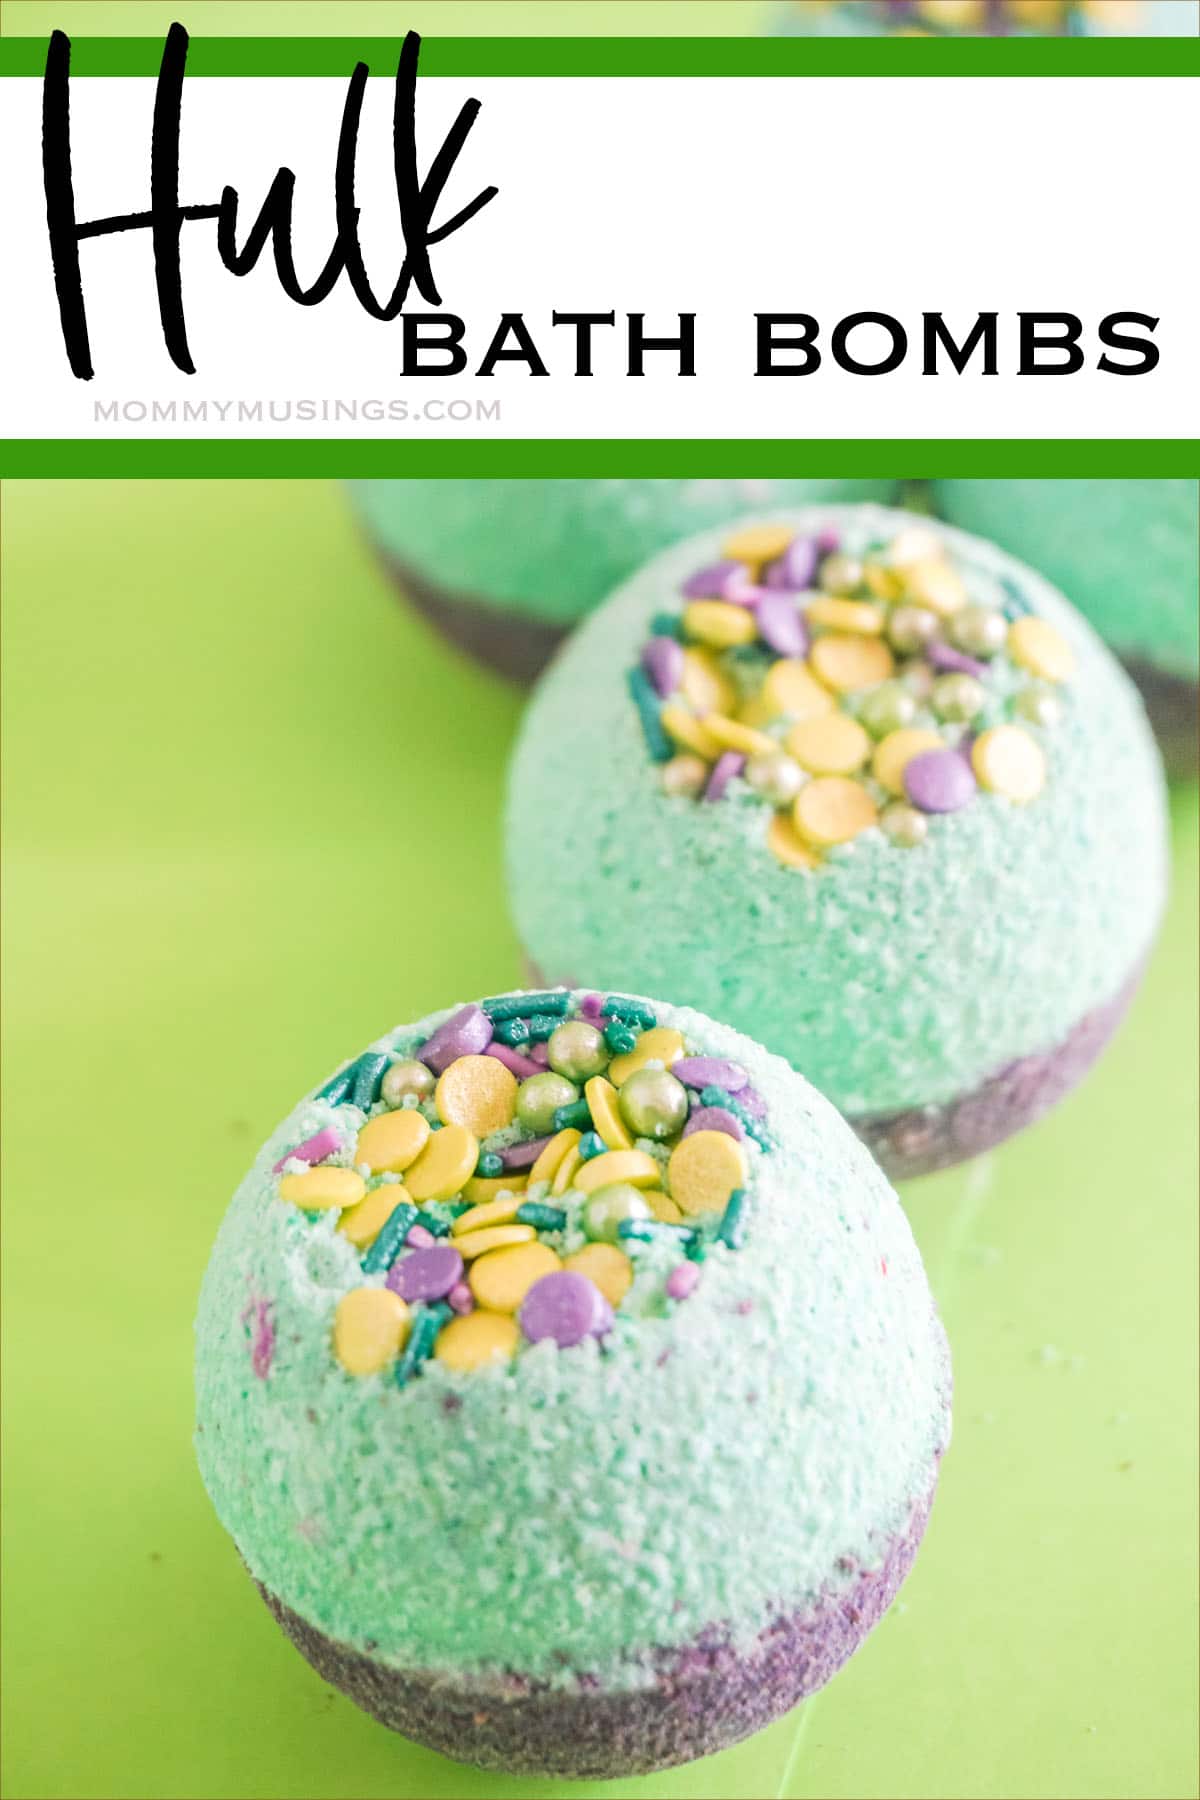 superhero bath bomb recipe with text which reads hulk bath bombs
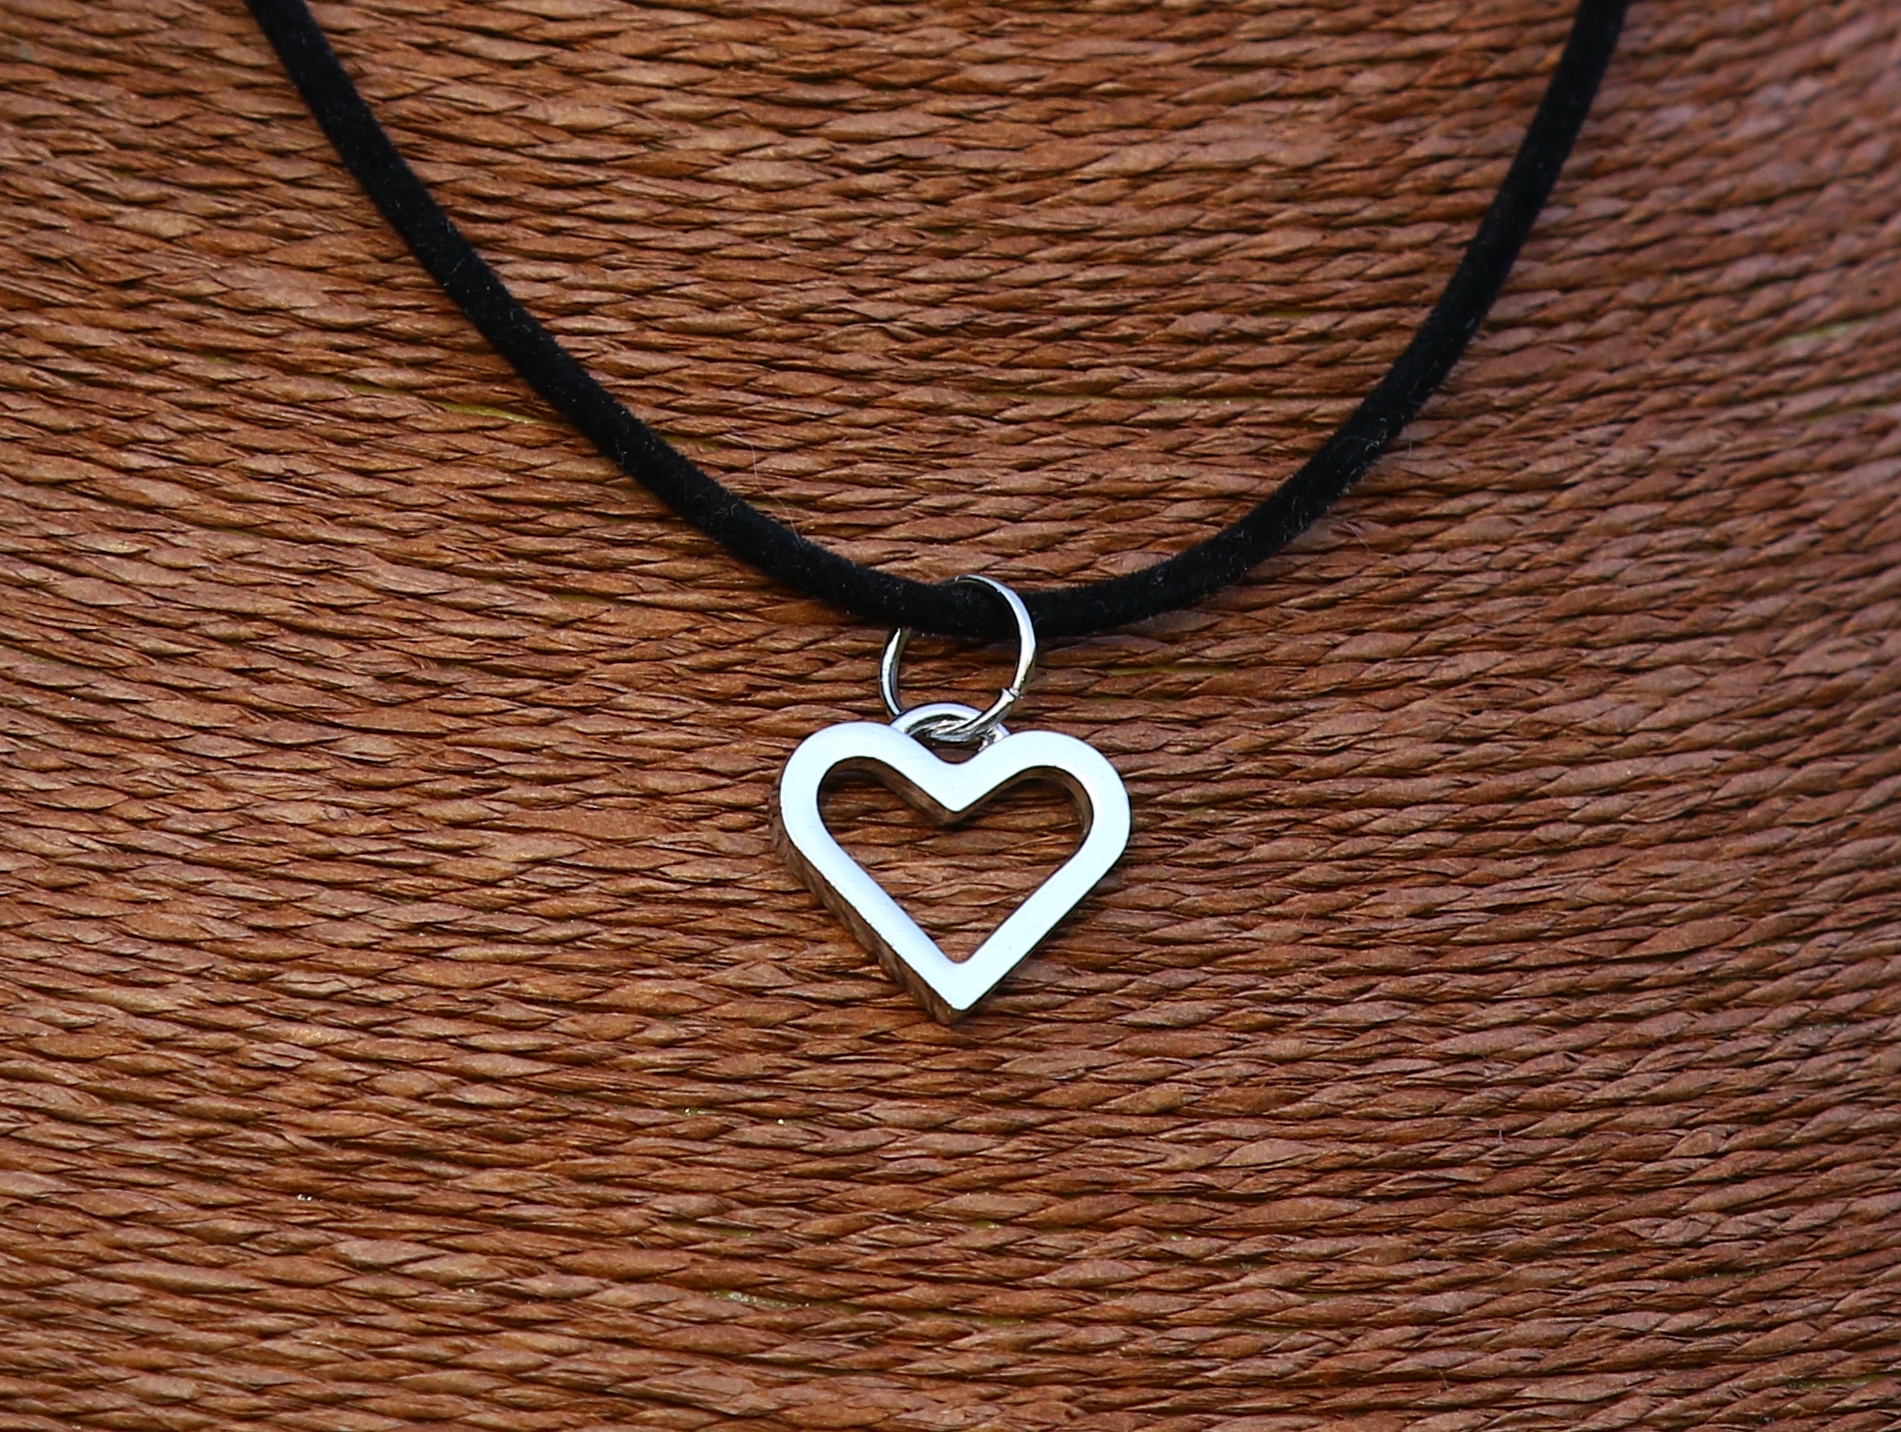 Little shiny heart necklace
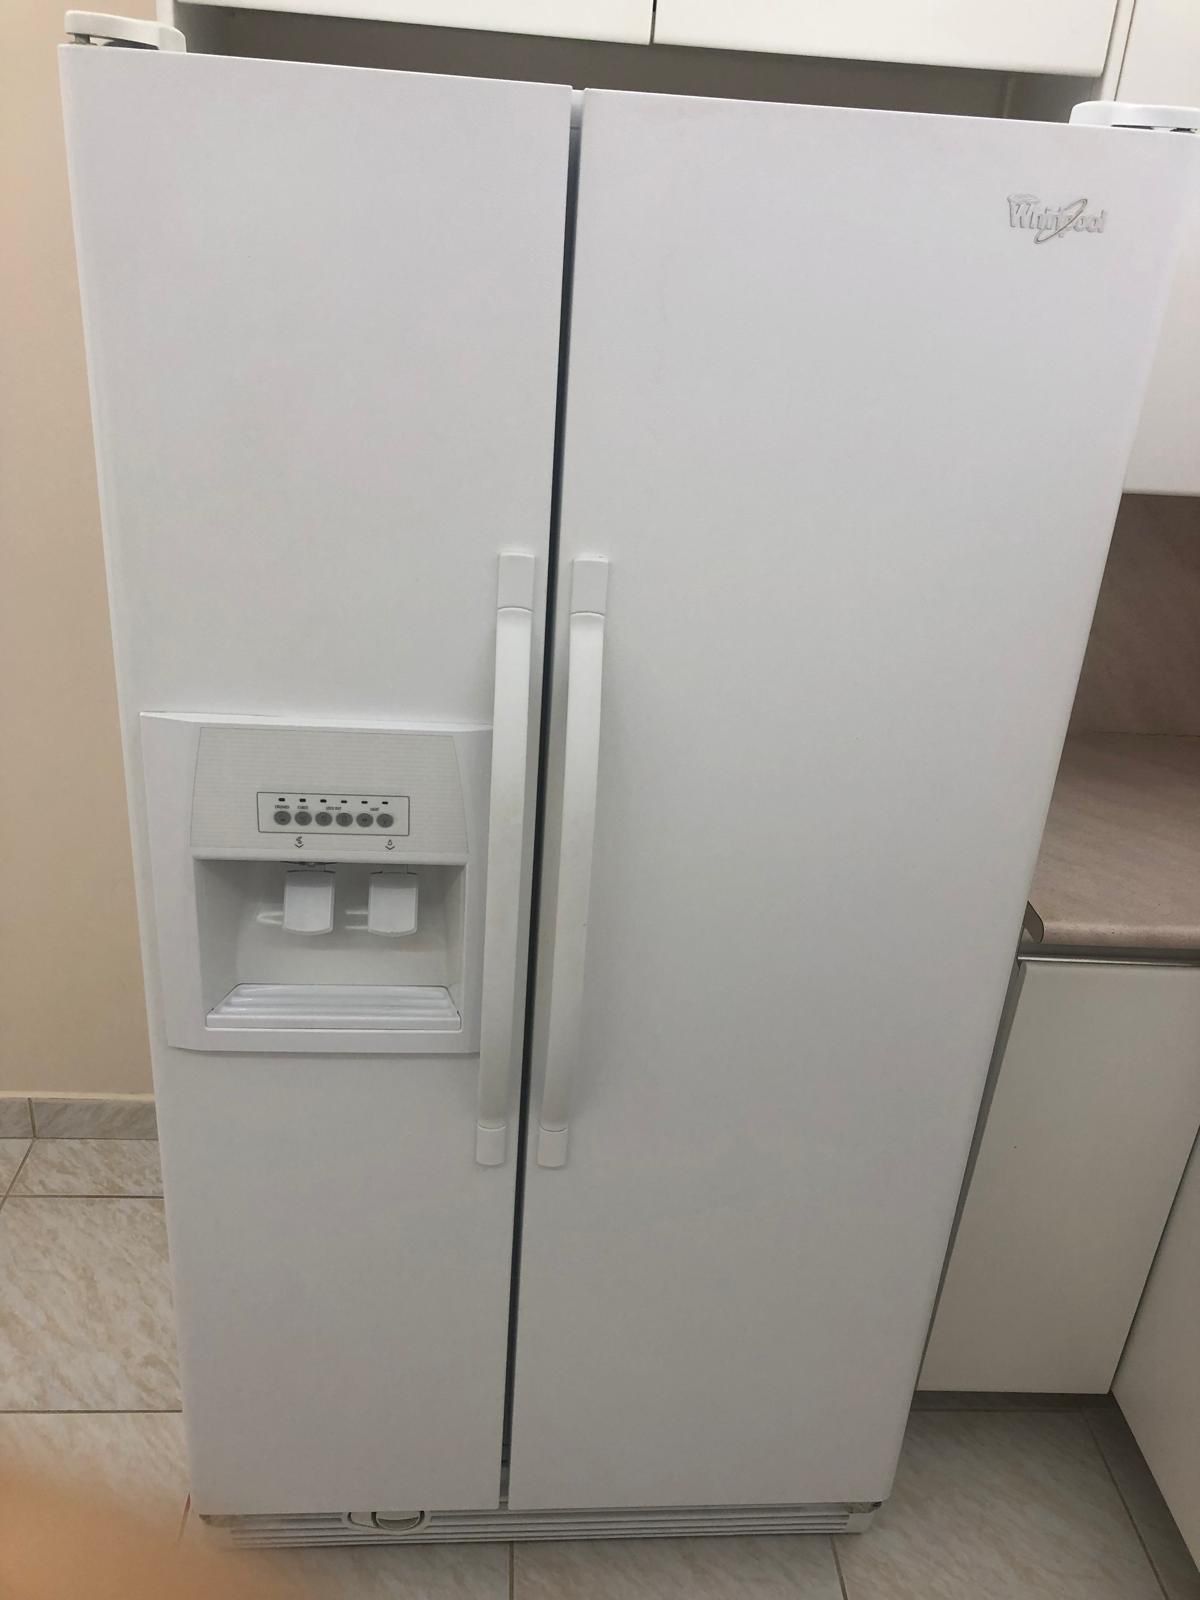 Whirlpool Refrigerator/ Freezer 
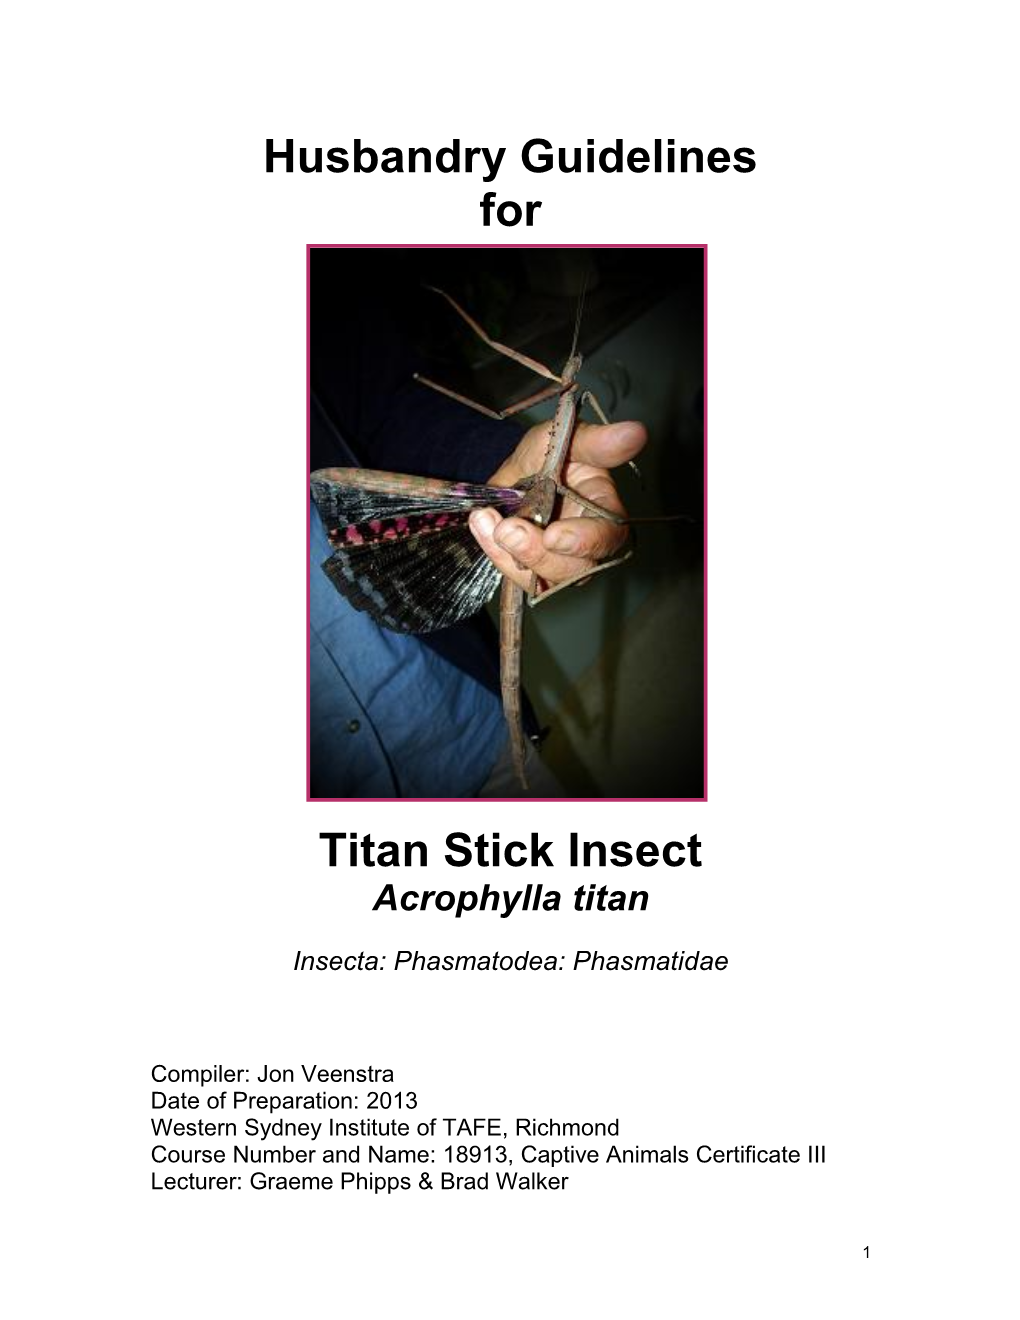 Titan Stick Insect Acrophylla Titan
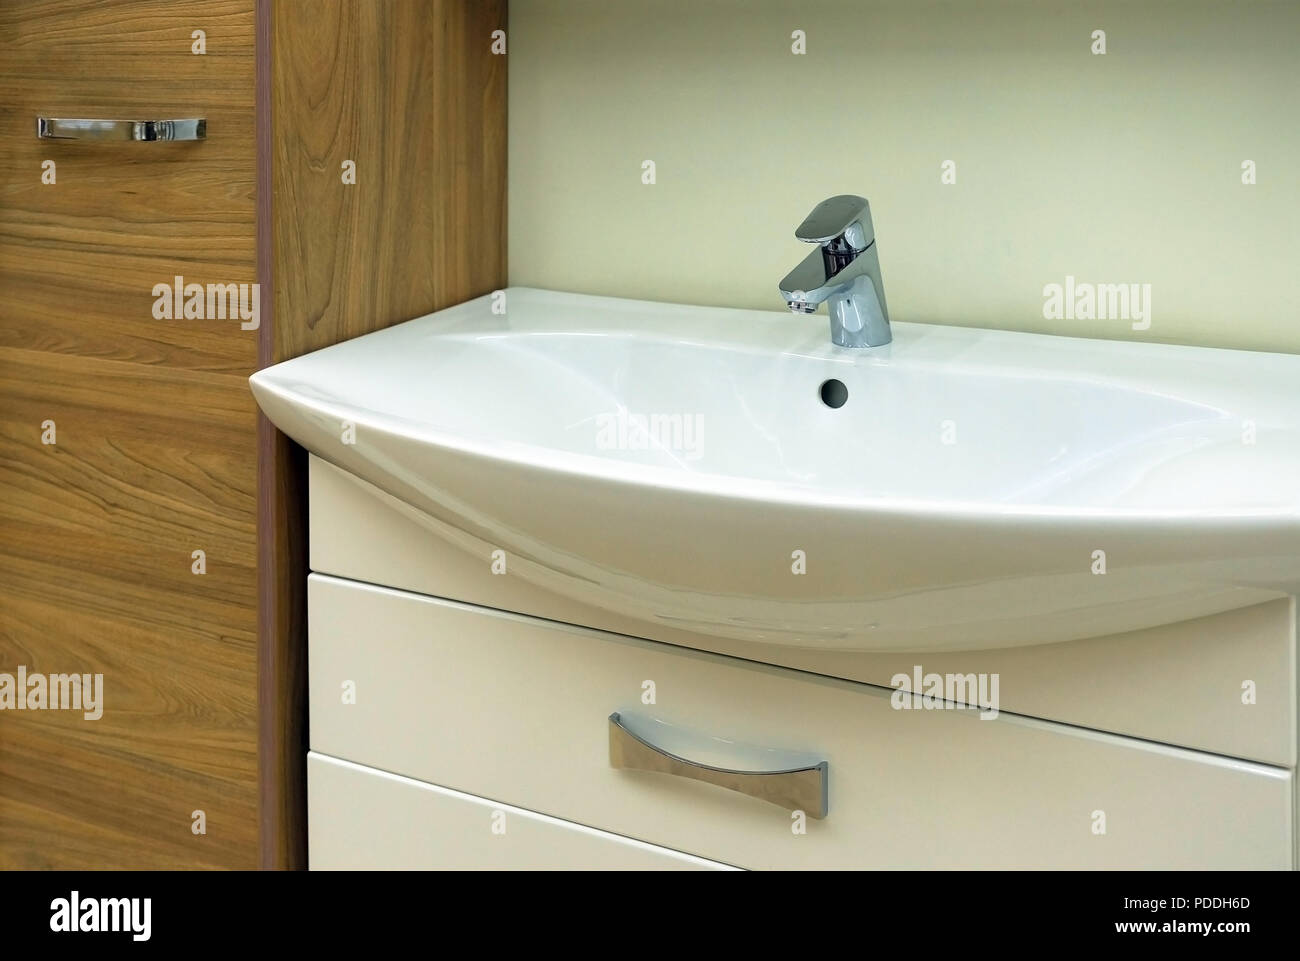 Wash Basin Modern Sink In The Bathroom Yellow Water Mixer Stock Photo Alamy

┄┄┄┄┄┄┄┄┄┄┄┄┄┄┄┄┄┄┄┄

Problem to solve
All that is needed is the span from the line with "Little shiny heart necklace" through the last line of the material above, reproduced exactly and free of pictures.

Solution to this exercise
 Little shiny heart necklace
 Whirlpool Refrigerator/ Freezer 
 Titan Stick Insect Acrophylla Titan
 Wash Basin Modern Sink In The Bathroom Yellow Water Mixer Stock Photo Alamy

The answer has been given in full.